Update and Closeout of the Paper Trade of ASYS – How Did We Do?
We made a very nice (paper trade) gain! 35% on the stock, 210% on options, details shown below
We followed the pre-established exit plan and sold our position on January 20th, in accordance with the update comments of January 11 – and we made a very nice paper trade gain, the details of which are shown below. This paper trade has been undertaken to help learn some of the stock market basics and I hope that any reader who reviews this series of trades will agree that it has been successful in meeting that objective.
In our last post of Wednesday January 11th, we commented that at $28 the stock had reached the target price last established on December 10, 2010 and were faced with a decision on what to do now that the price target had been reached with no indication that it would not continue higher. In that update, we re-stated a standard rule in the following words:
“The standard rule is to “Cut losses early, let profits run”
That is a good rule and we should follow it, meaning that we will hold the position unless it falls back in price by the amount we have established as our stop-loss position, which is about 9% at about$25.65”
So here we are, about 10 days later, to discuss the results of our paper trade that we exited on January 20th by following our own rules, well-known rules that are similar to those observed by most successful traders.
Important, have a plan and trade the plan
An important objective for learning Stock Market Basics on this website is to always have a plan for when to enter and when to exit a trade. This trade, now closed, followed a simple set of rules that are meant to minimize the inherent risks of trading. The rules established a limit to the amount of the trading stake that could be lost and allowed most of any gain that might occur to be captured. When we started with the paper trade on November 24, 2009, there was no certainty of what might happen, even though our selection of ASYS was based on favorable news, increased trading volume, a rise in price and a particular promising chart pattern.
With this paper trading example we have followed the rules, we entered a trade on a promising stock only on a “breakout” price and have exited on a pre-established percentage “fallback” in its trading price.
For a beginning trader wishing to pick-up a few trading tips, if nothing more than those rules are learned, I contend that this Stock Market Basics Guide has made a contribution of value.
Now for the details: (Based on closing prices, not intra-day highs and lows.)
Our paper trade holdings, placed on November 24, 2010, and detailed on that date on this Stock Market Basics website were:
- 100 of ASYS at $18.84
- 2 ASYS option contracts, strike price of $17.50, with expiry date of May 2011 bought at $3.90
The stock – ASYS
ASYS had traded up to close at $29.07 on January 12, 2011, which we now know was its recent high.
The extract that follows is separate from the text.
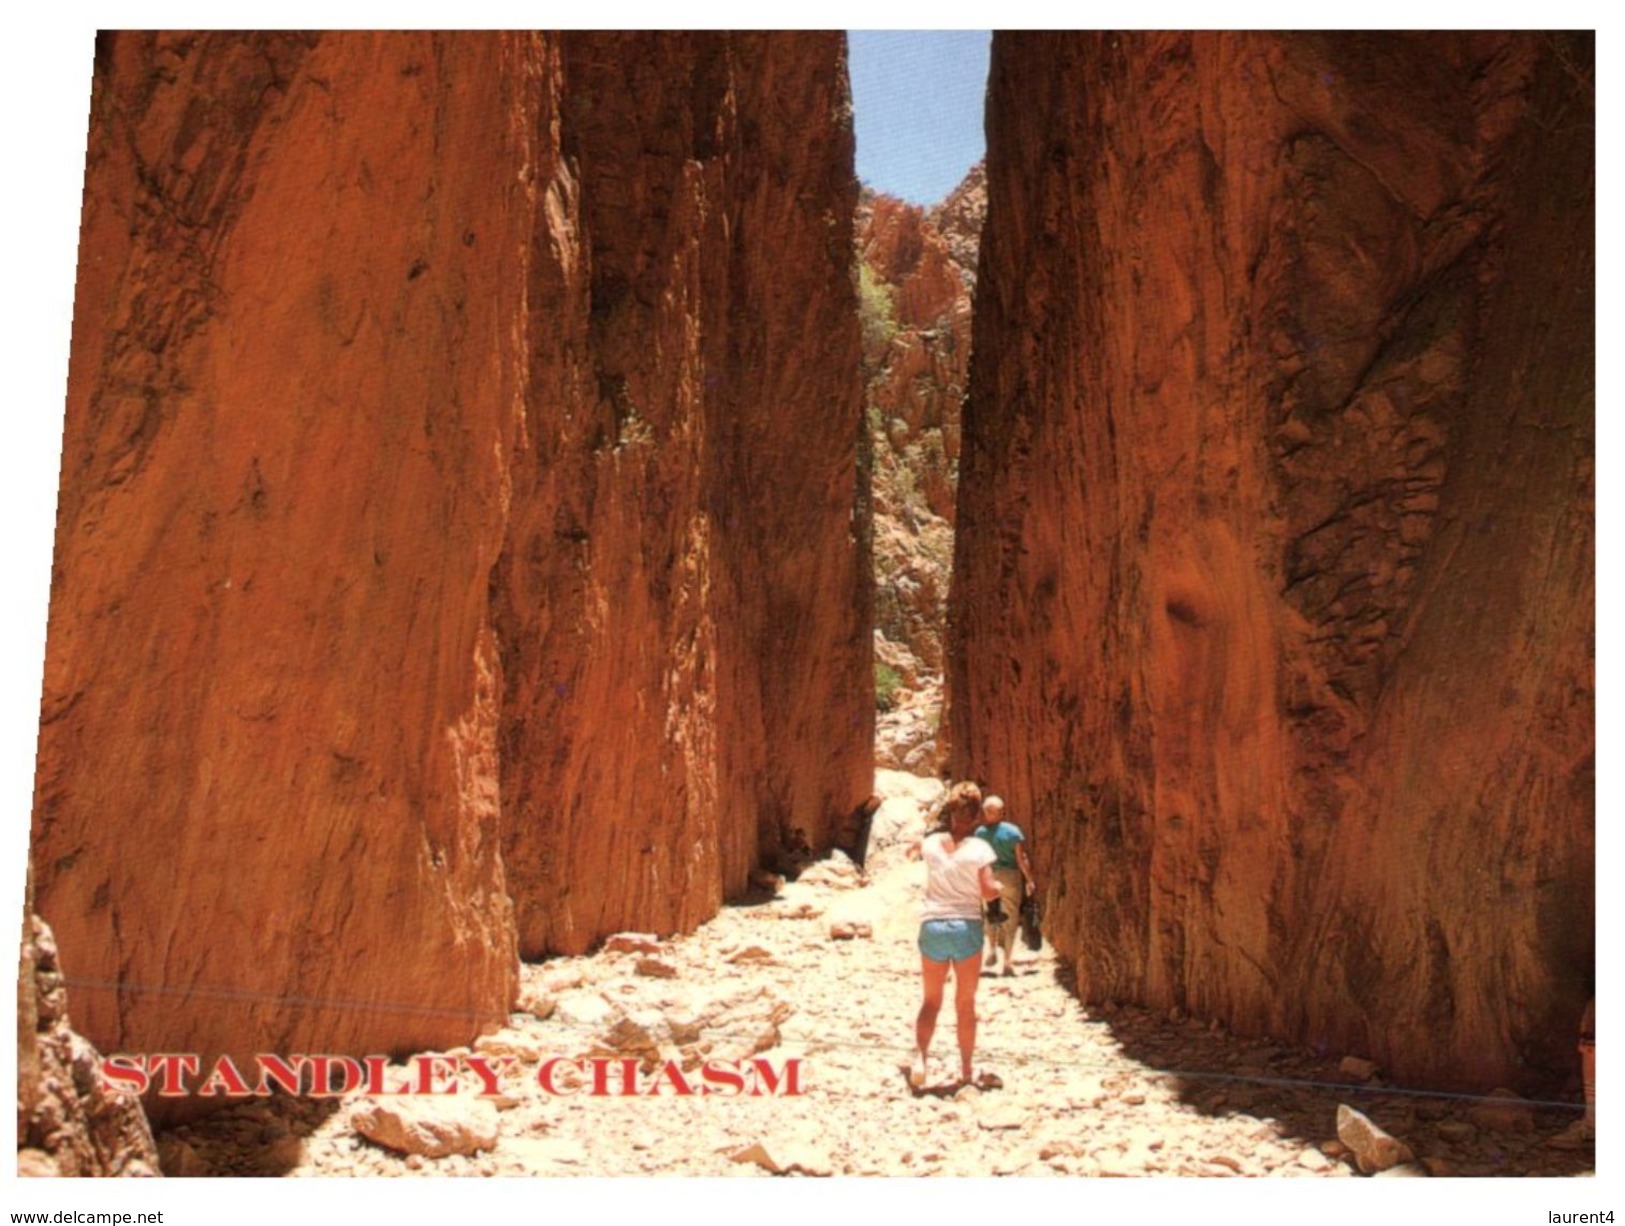 (300) Australia - NT - Standley Chasm - The Red Centre

Our stop-loss plan called for an exit if the stock fell back by about 9%, see note above. On the 19th January the stock closed at $26.46, almost 9% down from the high, it continued down slowly the following day, below our theoretical stop-loss so we made a paper trade exit and will count the close of the day, $25.42 as the exit price – although if it were a real trade and not a paper trade the sell-price would probably have been around $26.
It should be noted that the price could again reverse and continue upward to a higher price, that is often the case for quality stocks, but our exit was triggered by the 9% fall back from it’s previous high.
The options
Our paper trade holdings of 2 options contracts, strike price of 17.50 for May expiry, closed on 20 January at $12.10
Summary of trades:
- Stock bought at $18.84 sold at $25.42 = 35% gain approximately
- Options bought at $3.90 sold at $12.10 = 210% gain approximately.
That’s very good for about 51 days in the positions.
In conclusion
This paper trade was initiated as a training exercise in order to follow the series of actions that go into making a trade for stocks and options, that does not involve a lot of work, just the need to follow the stock market action until signals are triggered that indicate action is necessary. No profit can be guaranteed, losses and gains are all part of the process of speculation, the objective is to minimize the losses and not sell a winning position too soon.
After the initial ASYS reference was made on November 15th and the chart of ASYS was posted the following day, a series of follow-up posts was published on this site. At that time we could not have known how the trade would turn out but we followed a set of rules for the stock and a set of rules for the stock options. The rules help control risk and capture possible profits but they do not guarantee that profits will occur The fluctuations of the market can make things difficult but when a winning stock candidate is identified, such as ASYS in this case, the paper trade we made shows what can happen — when we make a plan and trade according to the plan.
When taking positions in other promising stocks, it is suggested that the steps described in the posts be followed, basically:
- wait for a signal to buy in, in the case of ASYS the signal was a breakout from a prior resistance level.
- be prepared to exit the position if it falls back from an achieved high by a specified amount, we used 9%.
- Otherwise, stay with the position until it does, in the case of ASYS that was for 51 days.
- If possible also take a stock option position, we bought 2 stock options in the ASYS paper trade. And that is where we expected to make the most money – and did.
Options trading has been discussed in several other posts on Stock Market Basics Guide.